Single by Alexandra Stan

from the album Rainbows
- Released: 31 January 2020
- Length: 3:34
- Label: Universal
- Songwriters: Alex Pelin; Vlad Lucan;
- Producers: Radu Bolfea; Lucan;

Alexandra Stan singles chronology
| "I Think I Love It" (2019) | "Obsesii" (2020) | "Definii" (2020) |

Music video
- "Obsesii" on YouTube

= Obsesii =

Romanian song

"Obsesii" (English: "Obsessions") is a song recorded by Romanian singer Alexandra Stan, released as a single by Universal Music Romania for digital download on 31 January 2020. A Romanian language track, it was written by Alex Pelin and Vlan Lucan, while the latter handled the production alongside Radu Bolfea. Lyrically, "Obsesii" discusses a love which has turned into obsession. Music critics particularly praised the song's lyrics, as well as Stan's vocal delivery. An accompanying music video was uploaded to her YouTube channel on 2 February 2020. Directed by Bogdan Daragiu, the black and white clip depicts Stan and several dancers wearing loose shirts to symbolize freedom. To further promote "Obsesii", the singer performed the track on Romanian talk shows and radio stations. Commercially, it reached number 12 on the local Airplay 100 chart. The song is the second single from her fifth album Rainbows.

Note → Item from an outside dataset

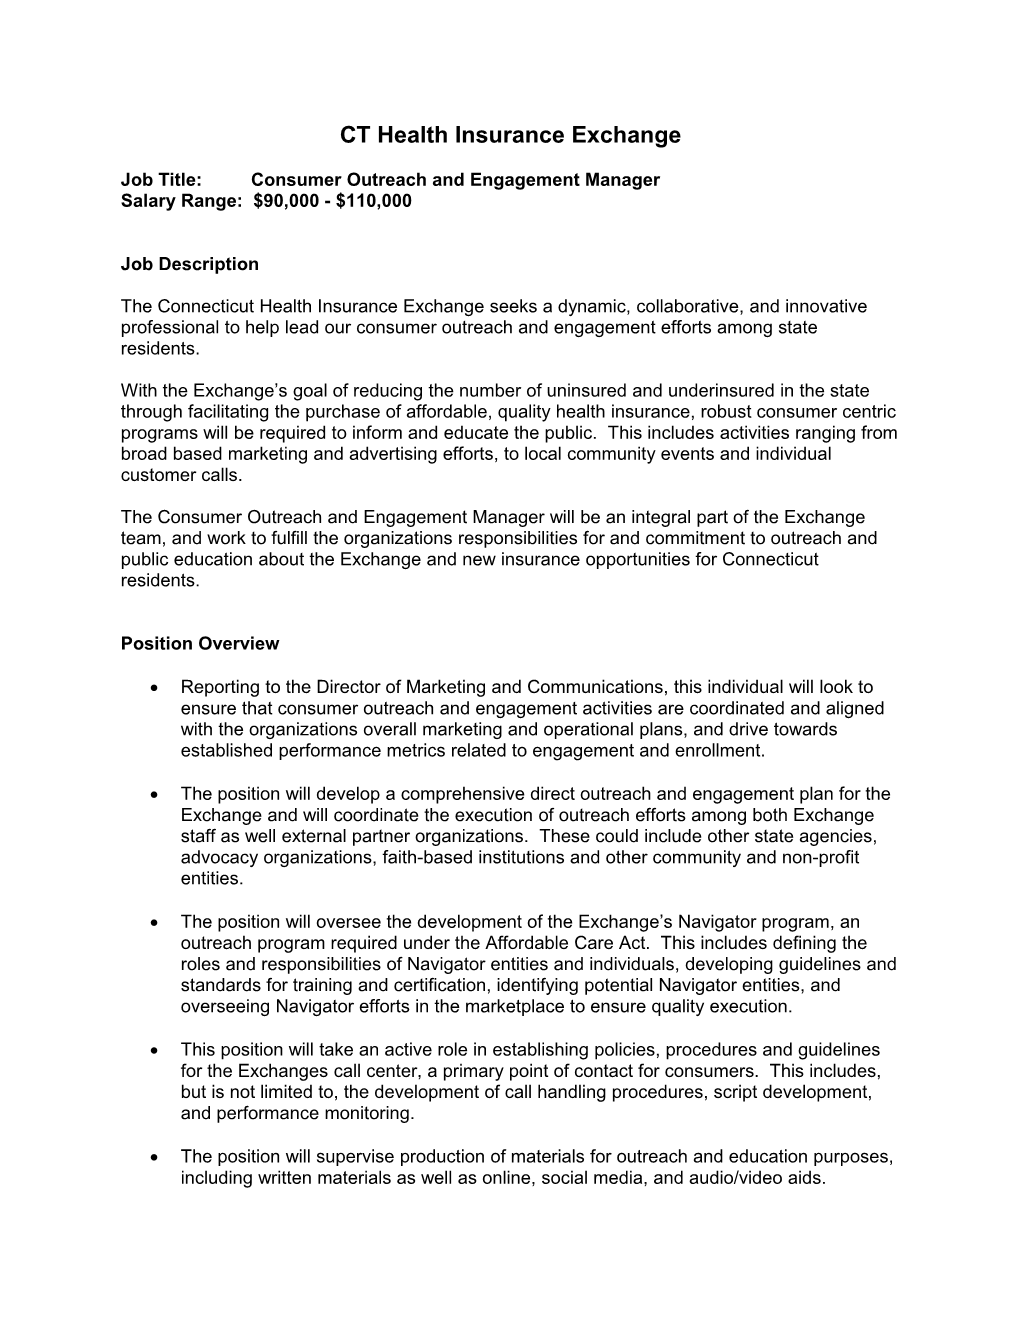 Job Title: Consumeroutreach and Engagement Manager

==Background, composition and reception==
"Obsesii" was written by Alex Pelin and Vlad Lucan, while the latter solely handled the mixing and mastering process. Lucan produced the track alongside Radu Bolfea. With a length of three minutes and 34 seconds, "Obsesii" was released as a single by Universal Music Romania for digital download in various countries on 31 January 2020. Lyrically, the Romanian language song talks about a love turned into obsession. Using several metaphors throughout, the lyrics also describe Stan's carnal desires as "fake illusions". The song was produced with the use of an "urban" sample.

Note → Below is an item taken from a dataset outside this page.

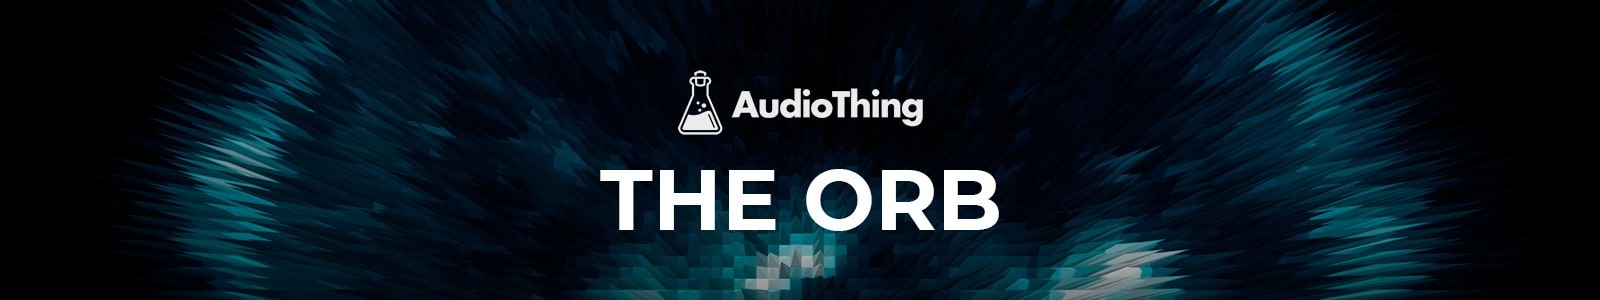 The Orb by AudioThing

Upon release, "Obsesii" received positive reviews from music critics. Mihai Burlacu of Pro TV lauded the song's lyrics, describing them as "poetry" and praising the use of metaphors. He further wrote that the track's vibe "seems to lead you into a personal universe, which relies on images created by the imagination". Similarly, Jonathan Currinn of CelebMix praised the writing, and noted an "intellectual vibe". He also lauded Stan's vocal delivery and deemed "Obsesii" as "unforgettable". Commercially, the song entered the local Airplay 100 chart for the week ending 8 March 2020 at number 75, and has since risen to number 12 on 14 June.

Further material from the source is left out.